Plaintiff Christina R. Kempa developed a business and personal relationship with defendant and Perry, having rented space and sold her wares at Canvas House from 1999 to 2015. Over time, but prior to settlement of defendant's accident case, plaintiff allegedly loaned money to Canvas House, defendant and Perry. Loans totaling $26,896.50 were memorialized in a written agreement dated October 14 or 15, 2010. Plaintiff claims Perry requested the loans for personal and business purposes, and promised to pay the loans "in full upon the receipt of [defendant's] settlement . . . within the next year of the agreement." Apparently drafted without the assistance of counsel, the agreement purportedly was signed by plaintiff, Perry, and defendant. However, defendant denies she signed the document, and claims her signature was forged.

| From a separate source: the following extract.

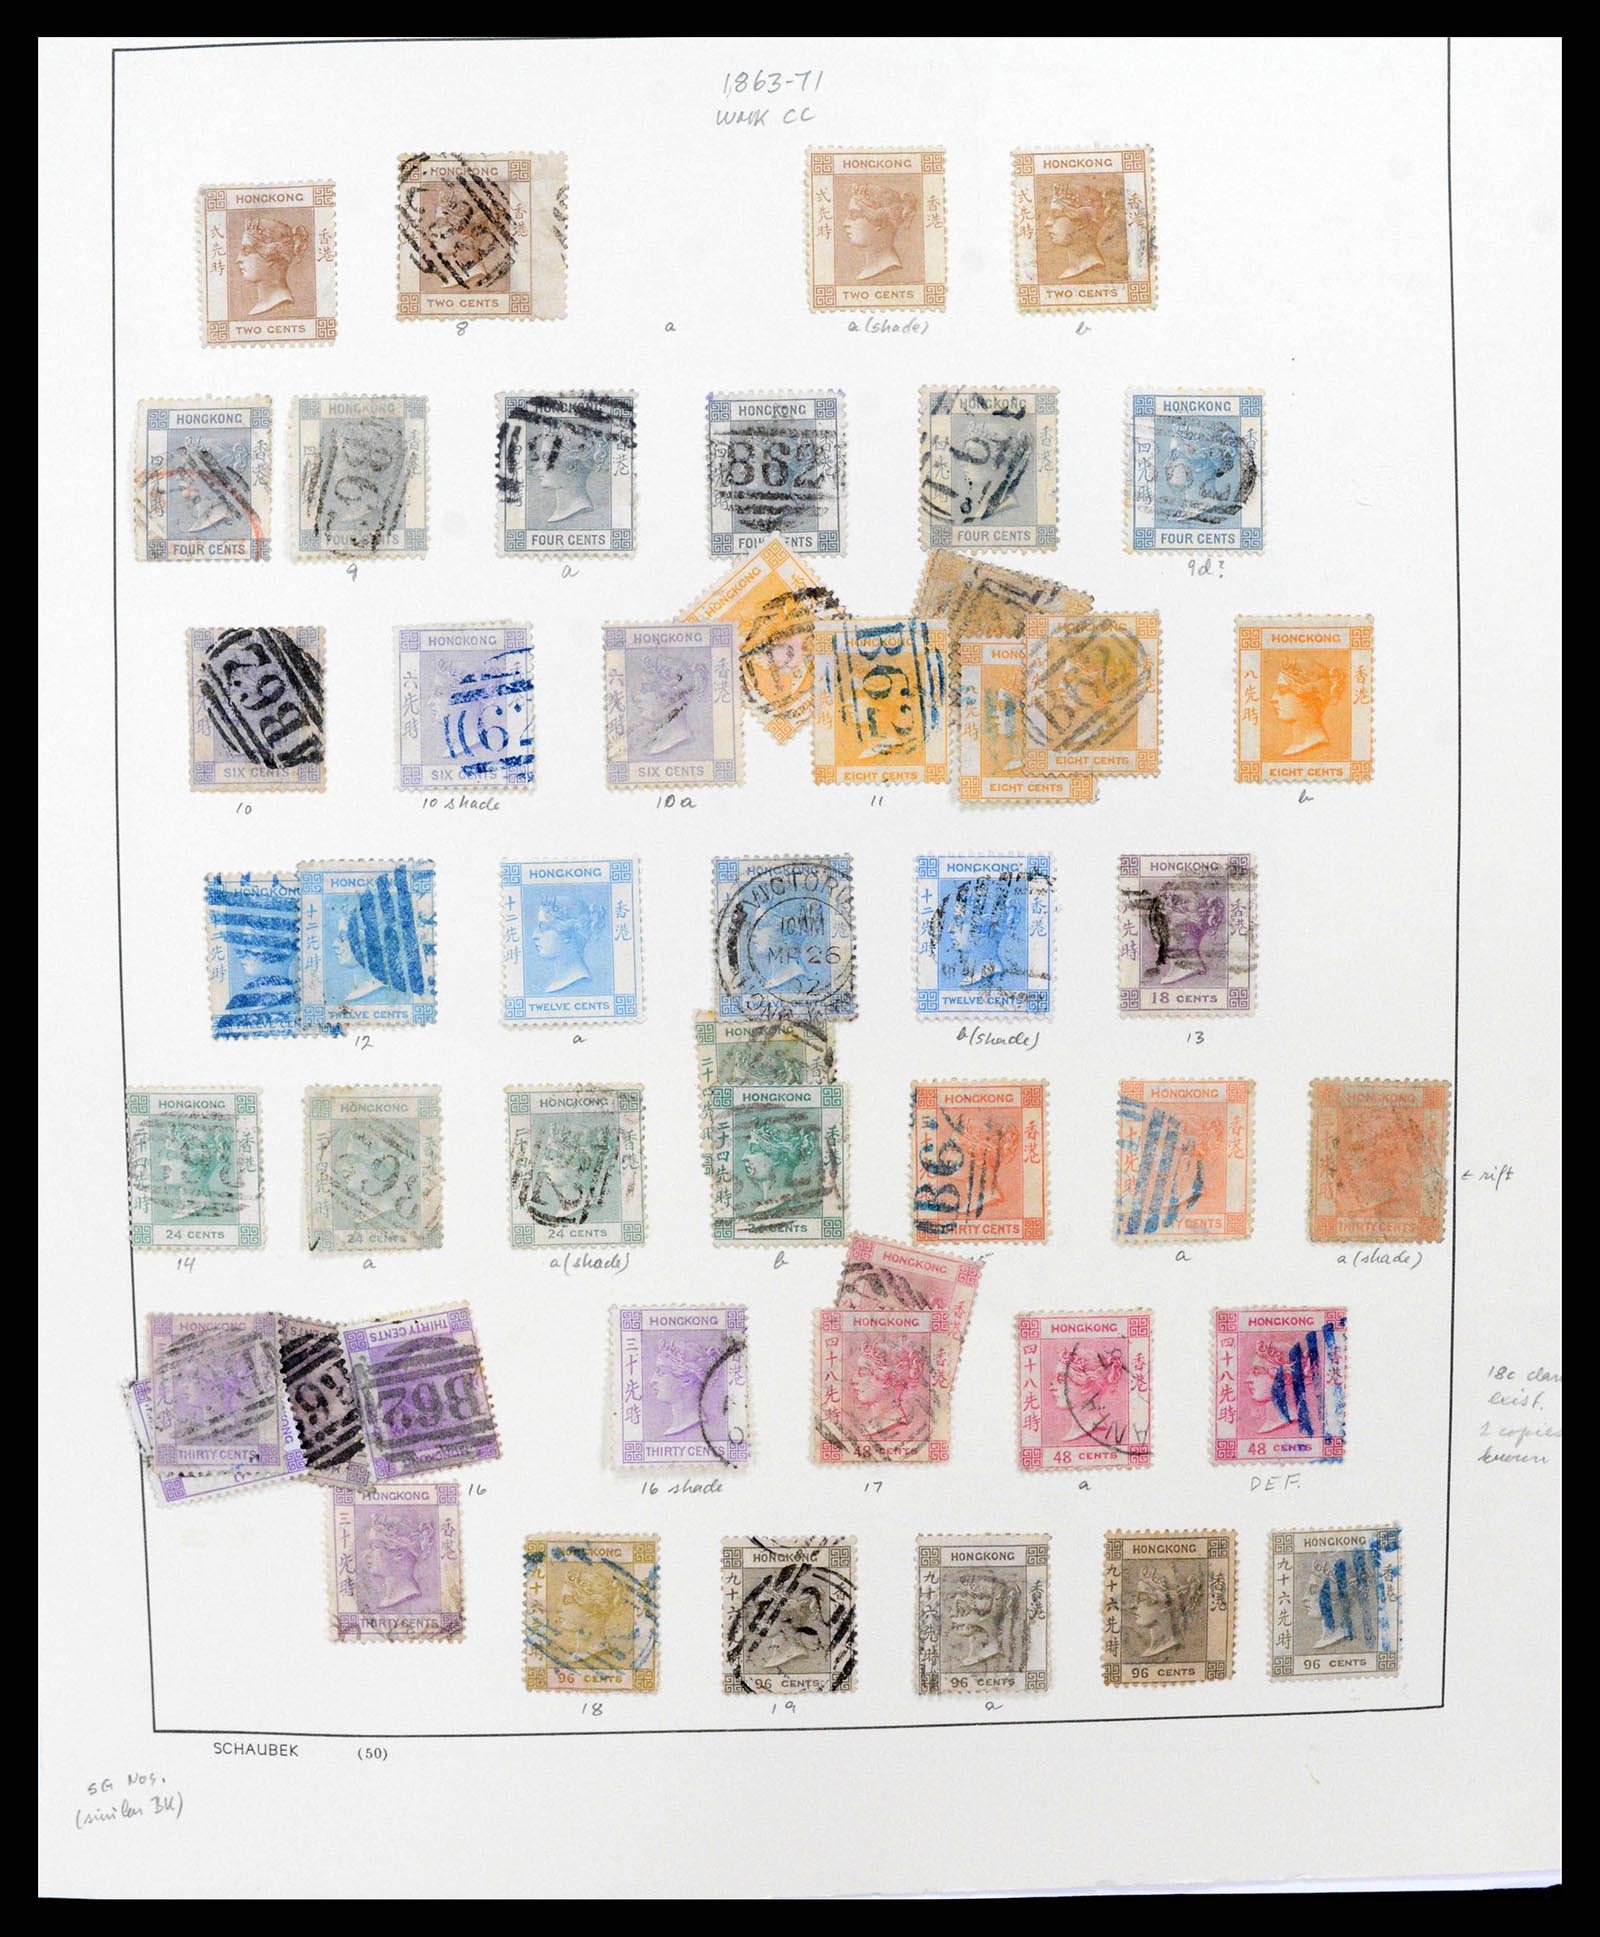 37955 0002 - Stamp collection 37955 Hong Kong supercollection 1862-2007.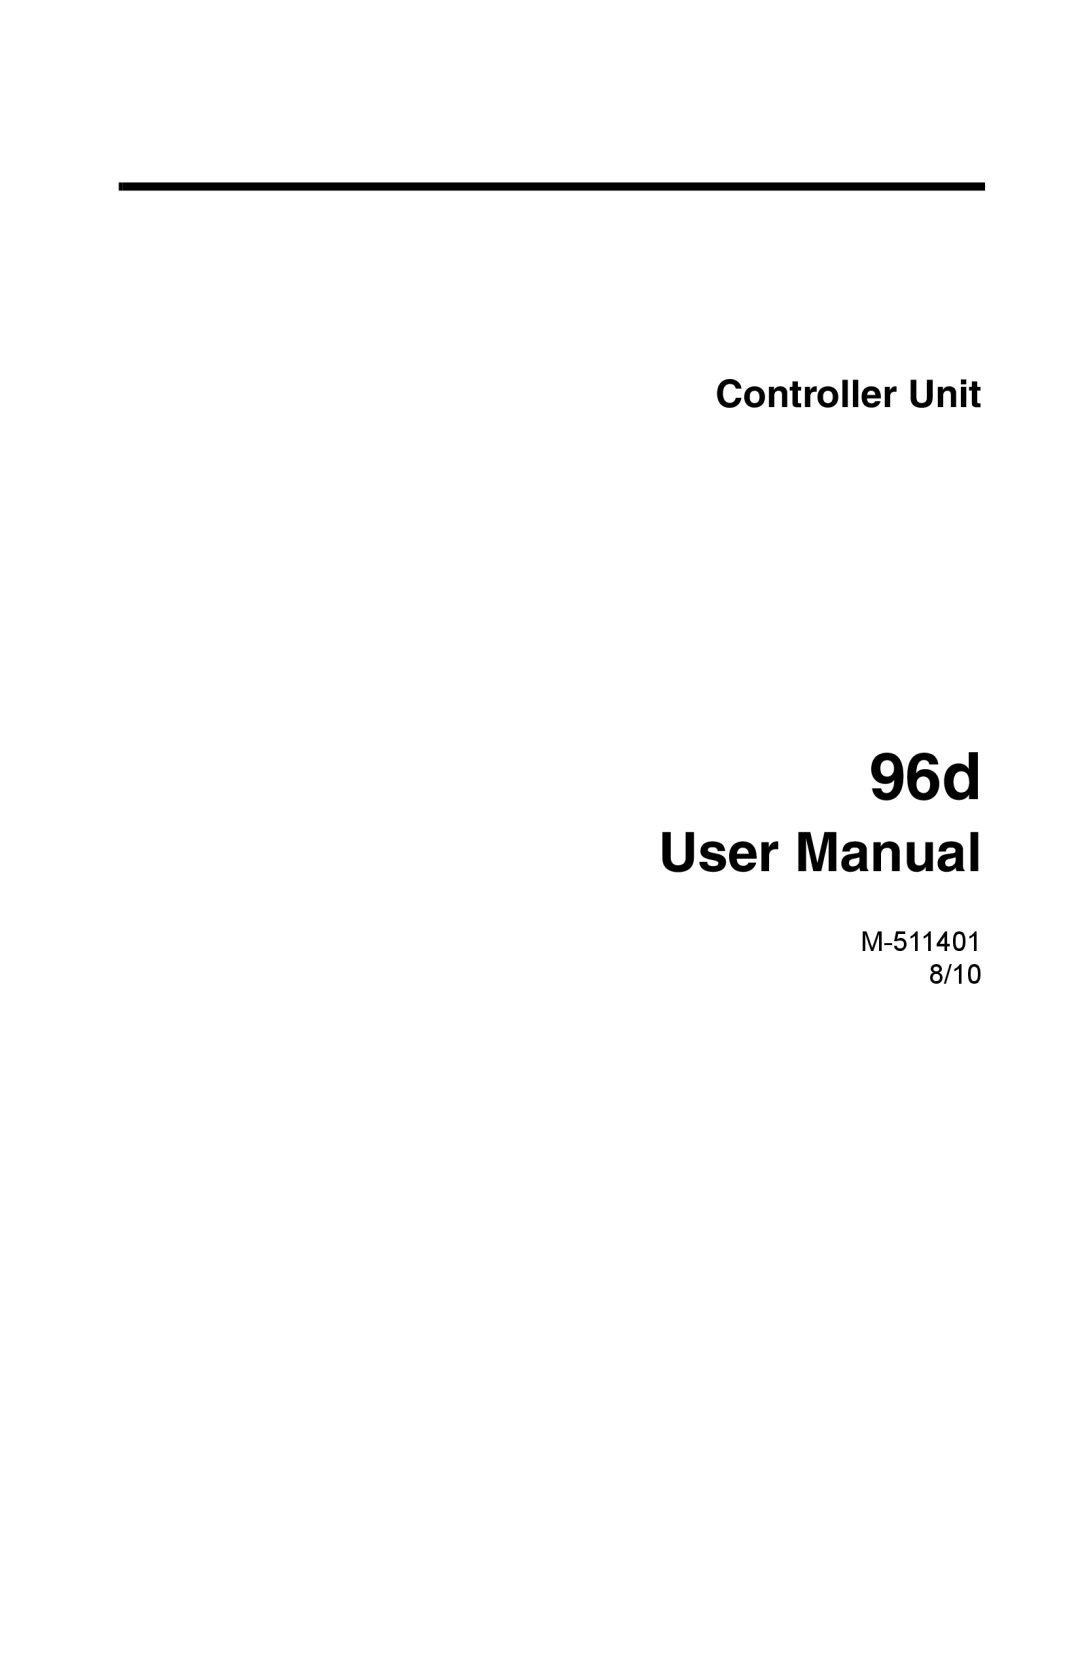 Honeywell 96D user manual Controller Unit, M-5114018/10

The first page of the loan agreement is dated October 15, 2010, but the signature page indicates, "This three page agreement is dated 10/14/2010."
Plaintiff claims she made additional loans, totaling $145,176.03, to defendants "based upon their oral agreements to repay" her. Plaintiff further asserts Perry issued sixteen bad checks to her totaling $12,630.08 from the Canvas House business account for her antiques that were sold to customers.
On November 4, 2015, plaintiff filed a complaint in the Law Division against Perry, Canvas House, and defendant alleging, among other claims, that they breached the loan agreement by failing to repay amounts owed. According to the affidavit of service, defendant was personally served with the complaint on January 11, 2016. However, on January 31, 2016, defendant sent an email to plaintiff's counsel, stating that she had just received the summons and complaint because it was delivered to her neighbor's address. After defendants failed to answer, default was entered on February 24, 2016. On May 3, 2016, pursuant to Rule 4:43-2, the motion judge entered default judgment, in plaintiff's favor against all three defendants, in the amount of $152,250.82.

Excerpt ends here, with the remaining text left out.